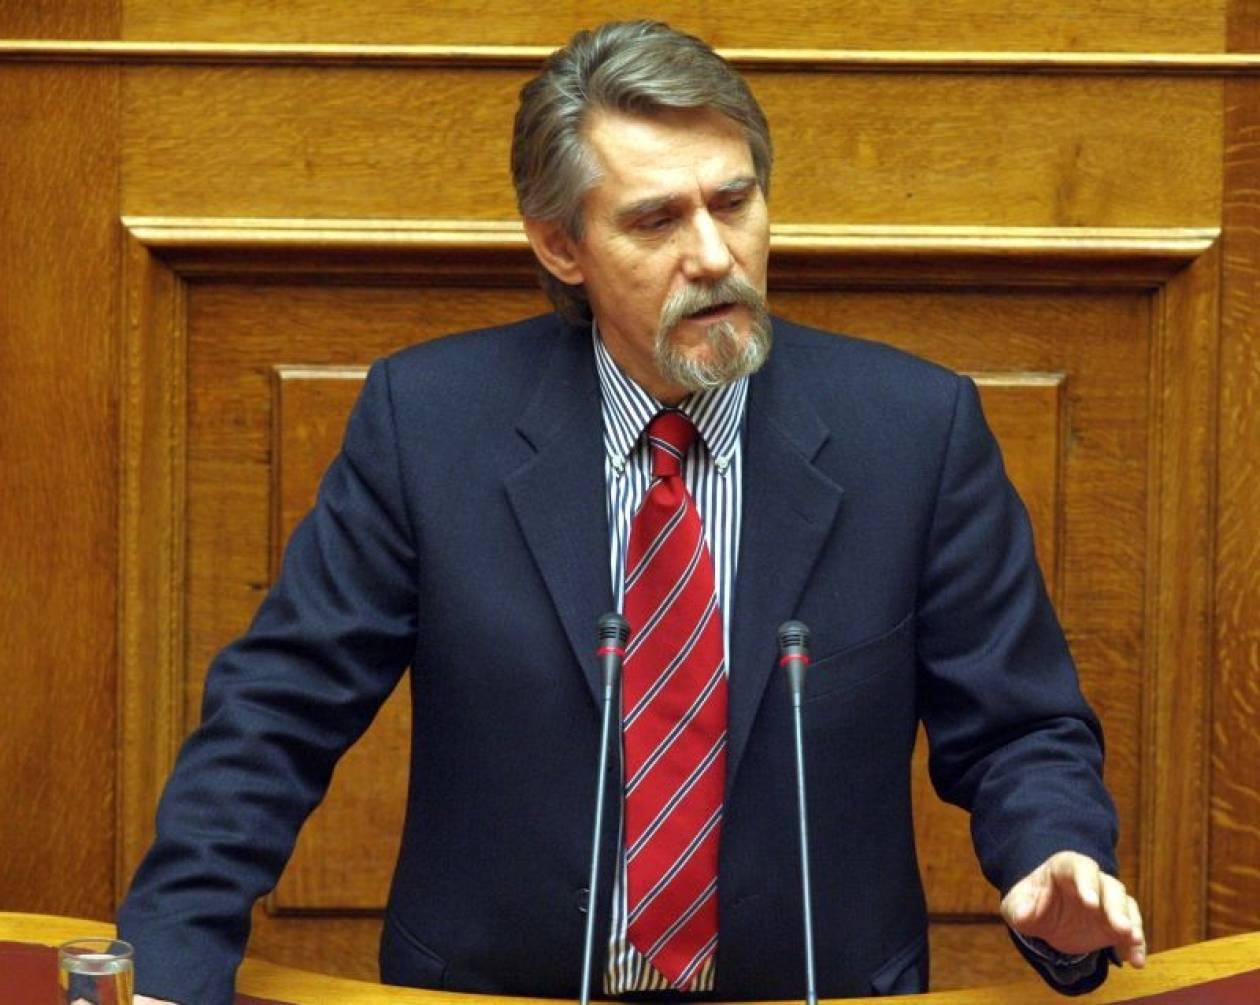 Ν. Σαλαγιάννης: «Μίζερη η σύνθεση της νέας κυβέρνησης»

-*-

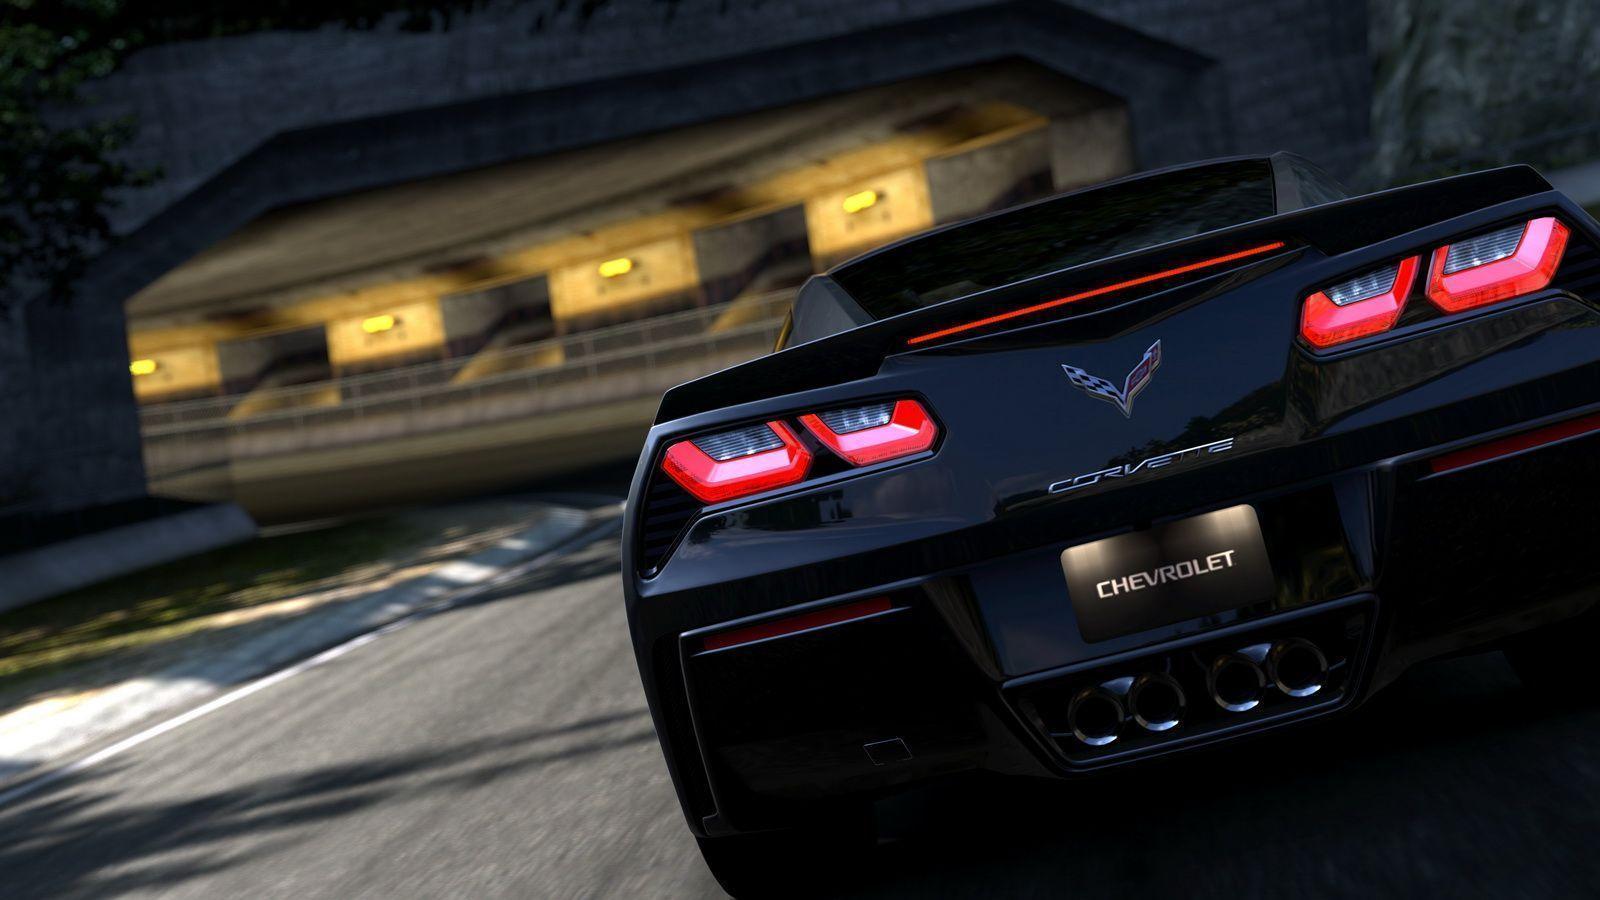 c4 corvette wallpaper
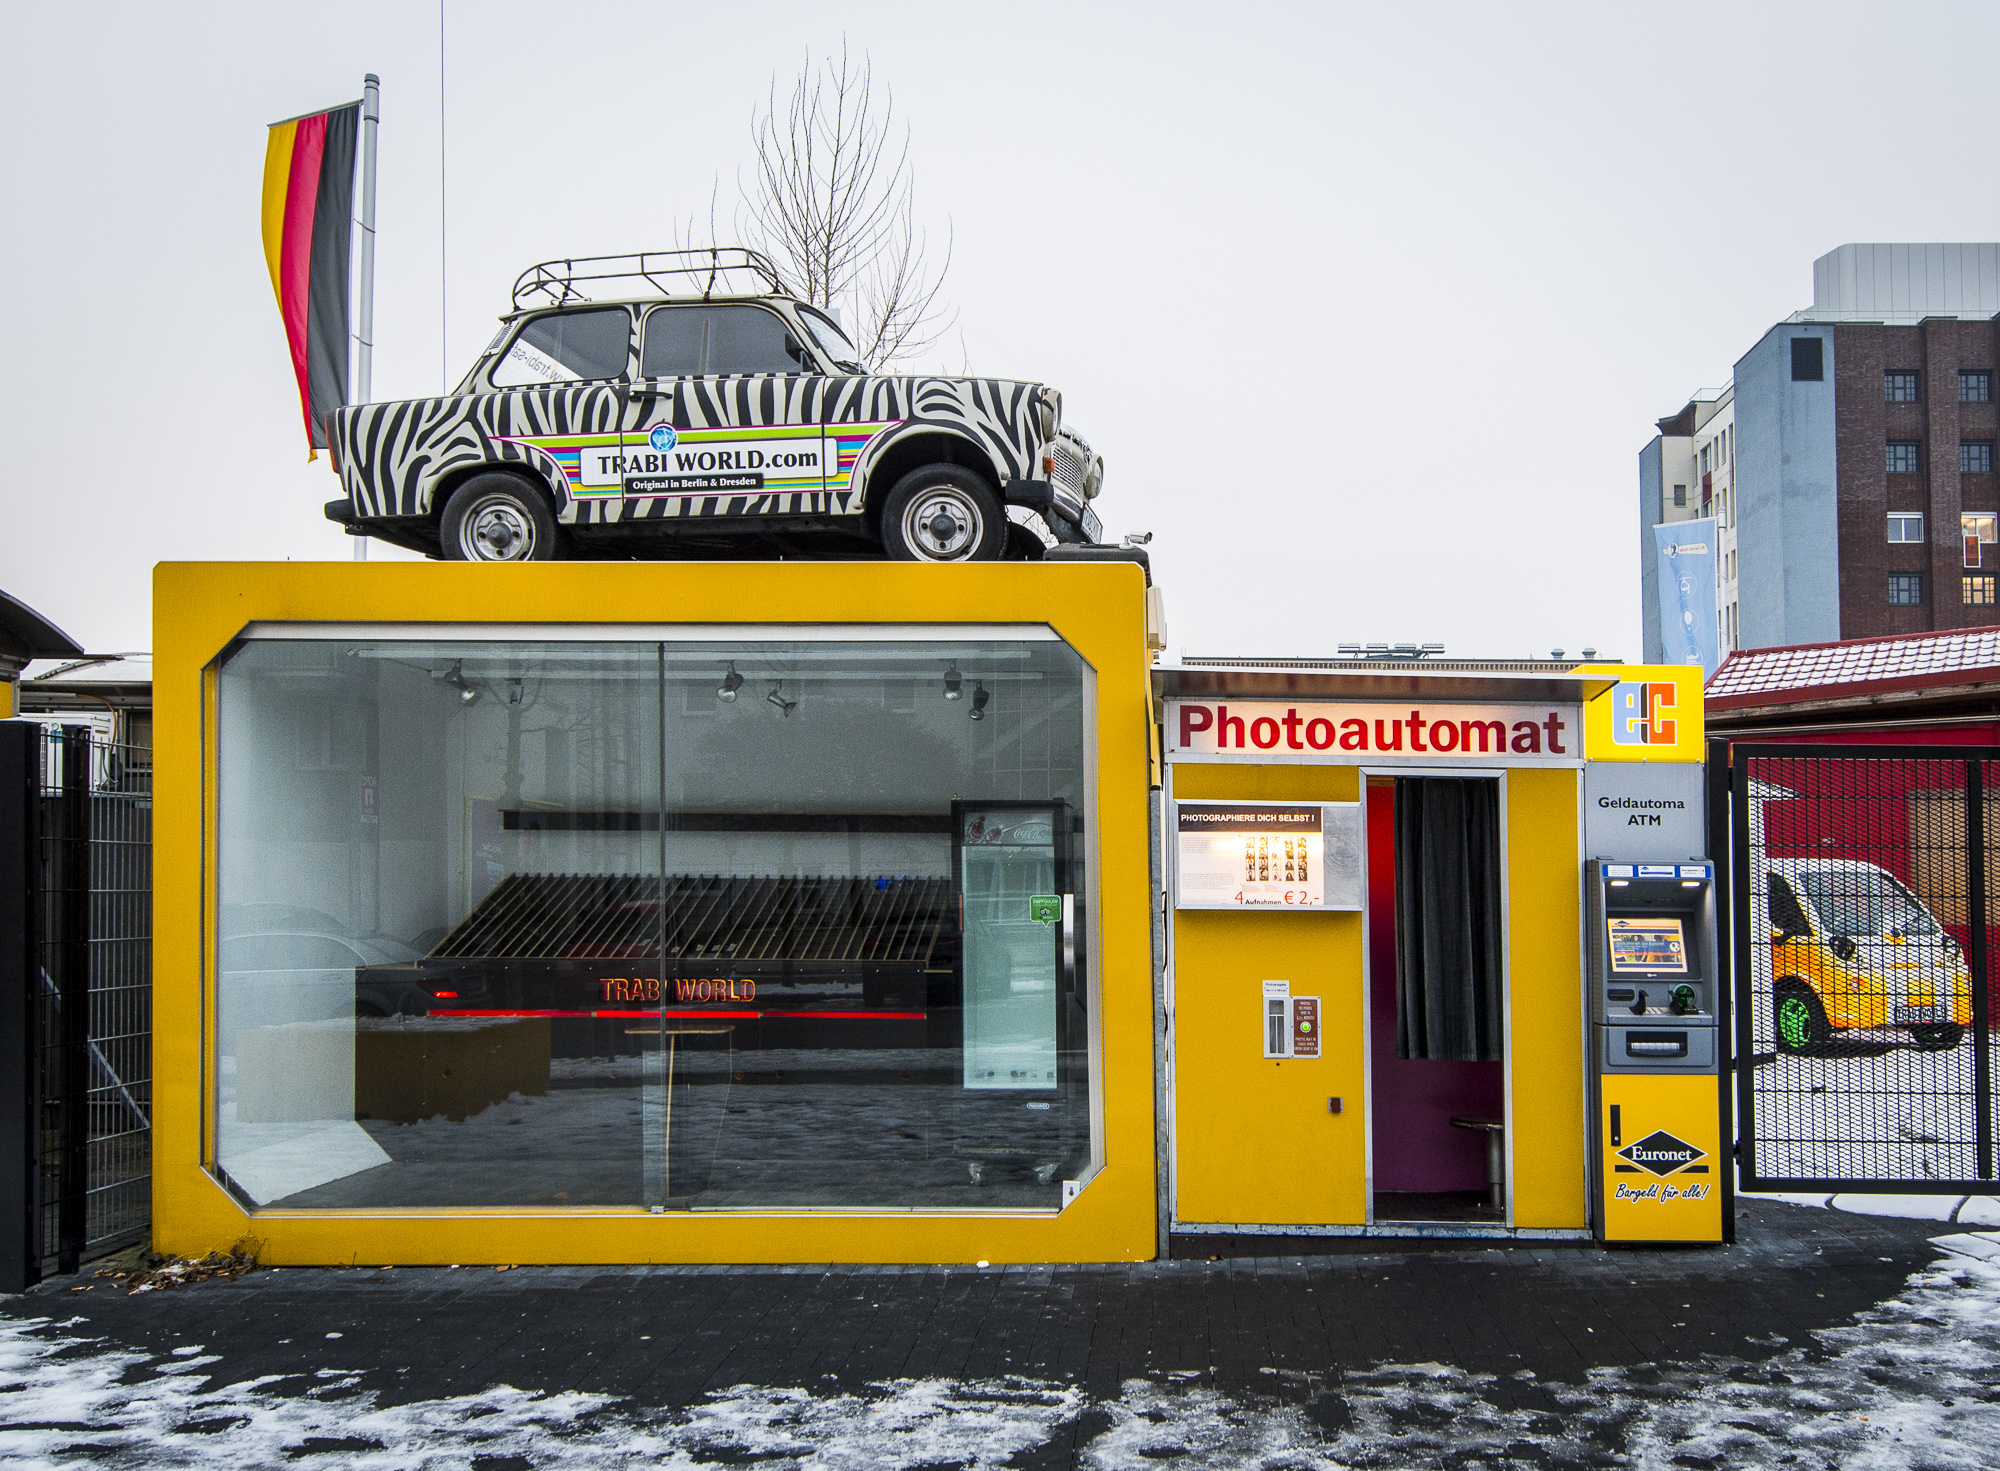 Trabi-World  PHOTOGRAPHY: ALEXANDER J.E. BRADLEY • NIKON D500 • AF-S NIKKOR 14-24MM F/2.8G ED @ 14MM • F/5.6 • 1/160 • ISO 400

-*-

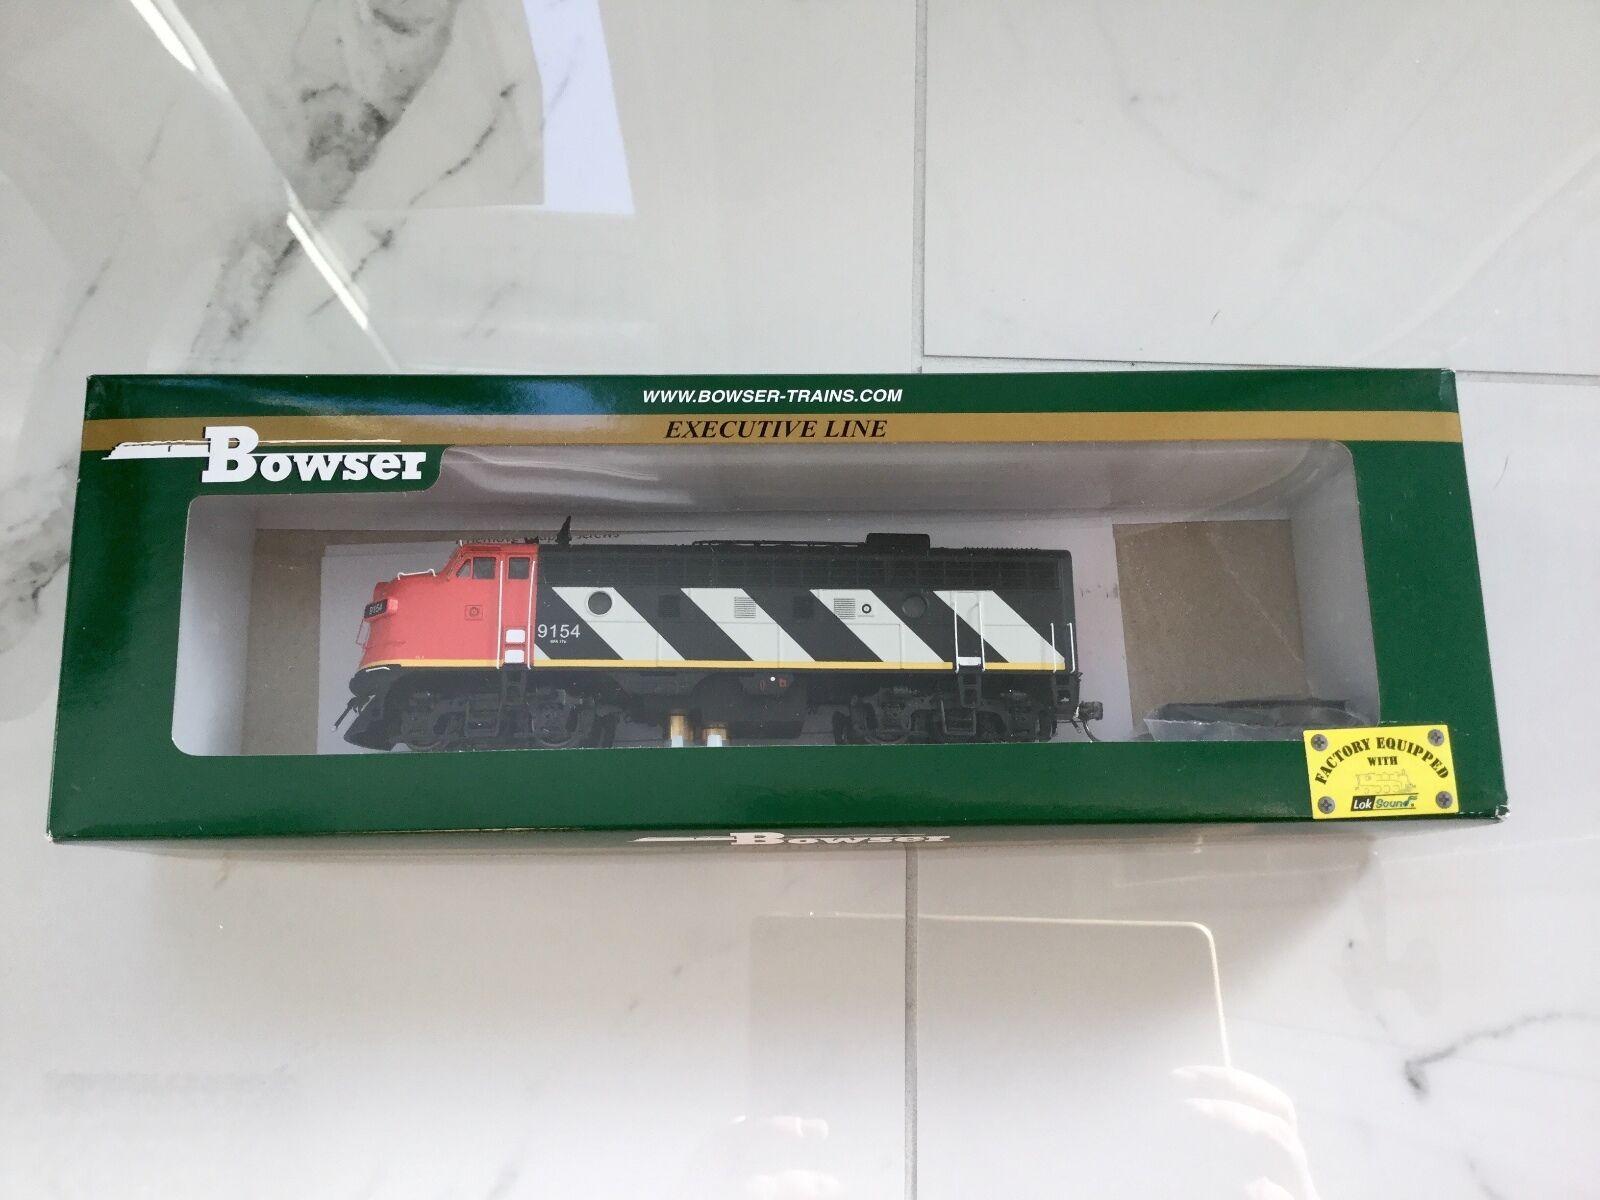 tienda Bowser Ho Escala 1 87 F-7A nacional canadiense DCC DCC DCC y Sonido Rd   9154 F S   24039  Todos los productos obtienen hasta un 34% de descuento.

-*-

## Exercise instructions
Could you repeat, exactly, only the lines above starting at the one that has "c4 corvette wallpaper" and stopping after the one that has "1/160 • ISO 400", without the pictures?

## Exercise answer
 c4 corvette wallpaper
 Trabi-World  PHOTOGRAPHY: ALEXANDER J.E. BRADLEY • NIKON D500 • AF-S NIKKOR 14-24MM F/2.8G ED @ 14MM • F/5.6 • 1/160 • ISO 400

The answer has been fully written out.